What’s the right cadence for simulations and coaching?

Short, frequent beats long, annual modules. Practitioners favor monthly with drip campaigns that take minutes - keeping awareness fresh while reducing admin overhead.

How should we handle deepfake voice/video & live-meeting fraud?

Train premise-first verification: users won’t always spot pixel tells, so coach them to question unusual/urgent/secret requests and verify via a second channel (directory callback, ticket). Make scenarios that escalate to a video call (Teams/Meet/Zoom) where the ask lands.

What policy works for vishing without hurting CX?

Give people air-cover to drop off and call back using a directory number; encourage quick side-channel pings (Slack/Teams) and, where small-talk is uncommon, agree simple challenge/response passphrases for high-risk workflows.

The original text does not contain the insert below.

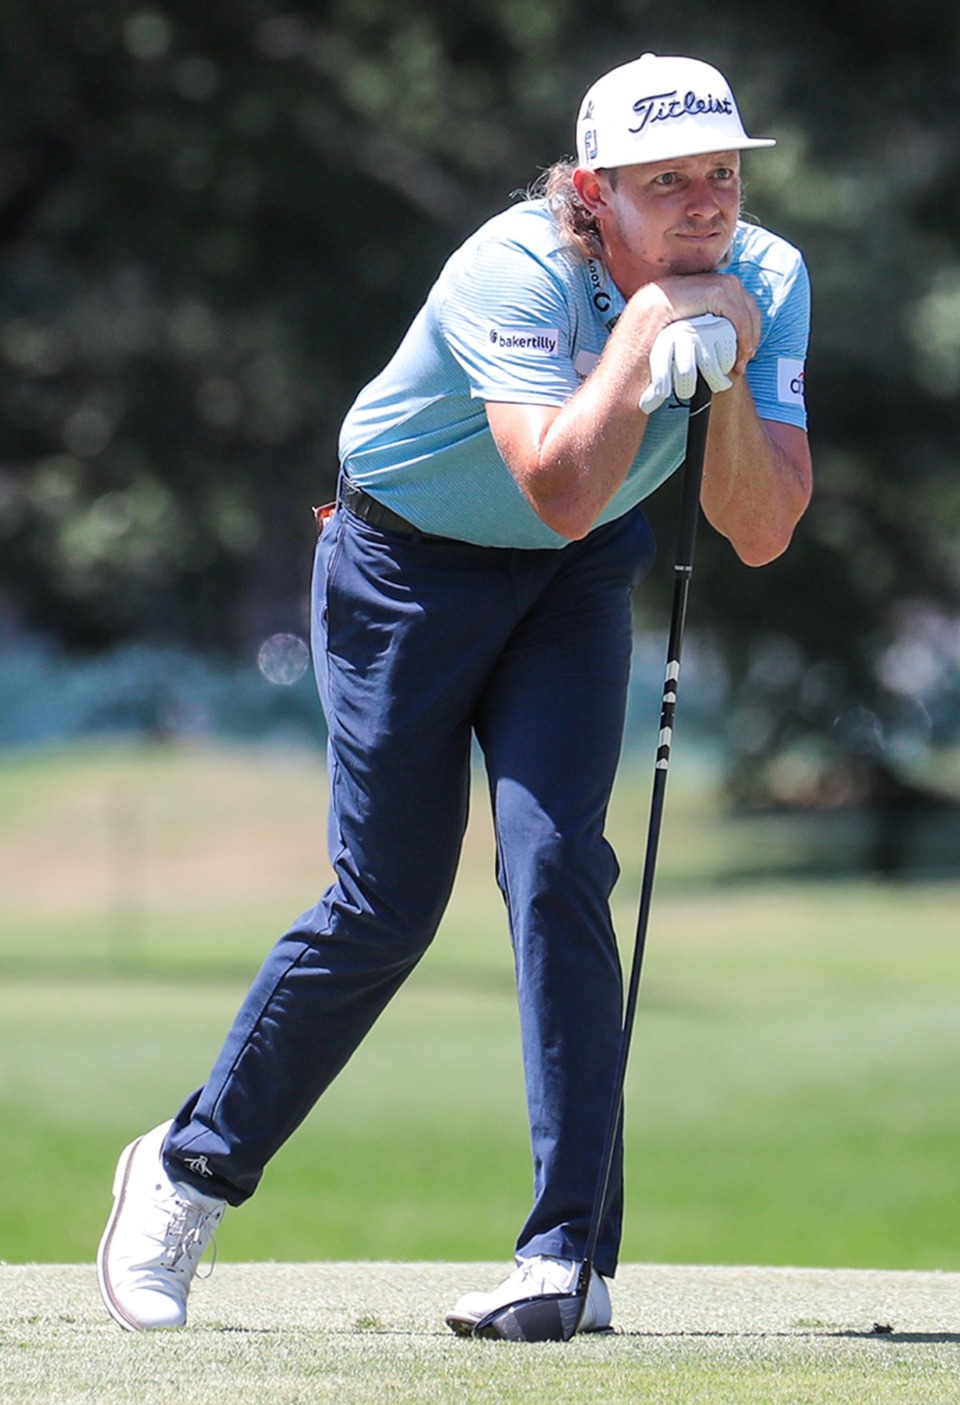 <strong>Cam Smith watches an errant tee shot in disappointment of the 7th hole of the FedEx St. Jude Championship at TPC Southwind Aug. 13, 2022</strong>. (Patrick Lantrip/Daily Memphian)
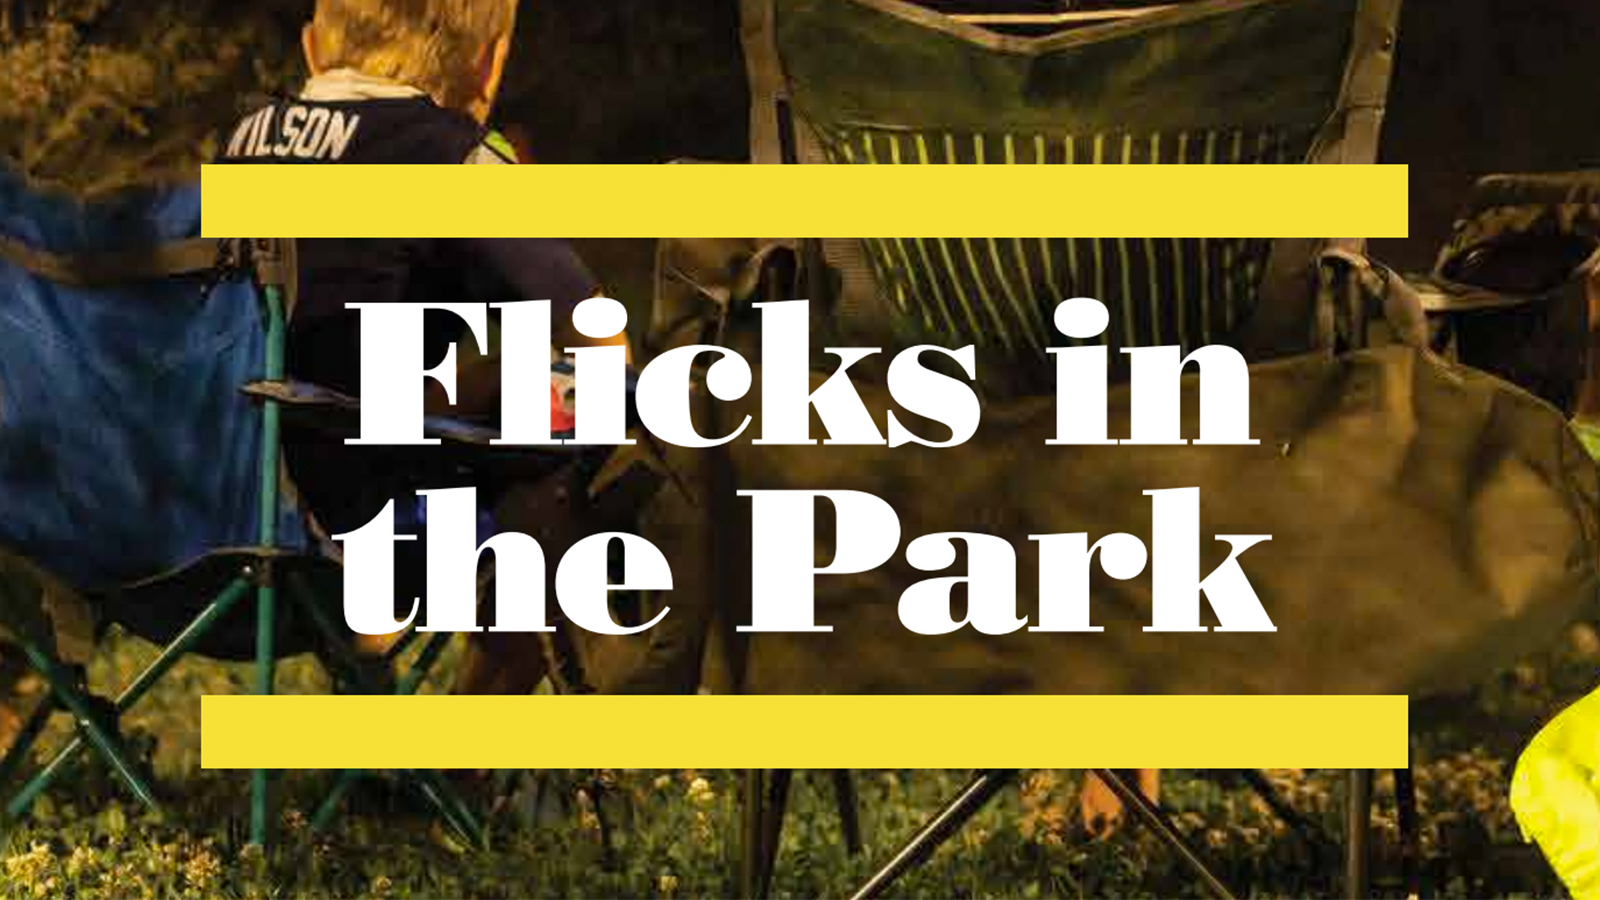 Flicks in the Park text against an image of people in lawn chairs in the park at night.

How “real” should simulations be - any ethics guardrails?

Realism drives learning but no-tell “gotchas” can erode trust. Use realism to teach - not to trap - and pair with immediate coaching.

How do we avoid “security theater” and checkbox fatigue?

Shift from annual slideshows to behavior + outcomes; acknowledge compliance needs but optimize for reporting/TTR and culture. Practitioners warn that punitive programs backfire - recognize reporters and make security a partner.

How do we increase engagement without cringe?

Light gamification works when it rewards positive behavior (fast, accurate reports), not shaming. Some teams saw higher reporting after adding small public kudos or perks.

What’s a humane plan for “repeat offenders”?

Treat as a risk-based coaching problem: targeted 1:1 help and more frequent small drills; adjust permissions and require extra approvals/MFA for sensitive actions rather than blanket punishment.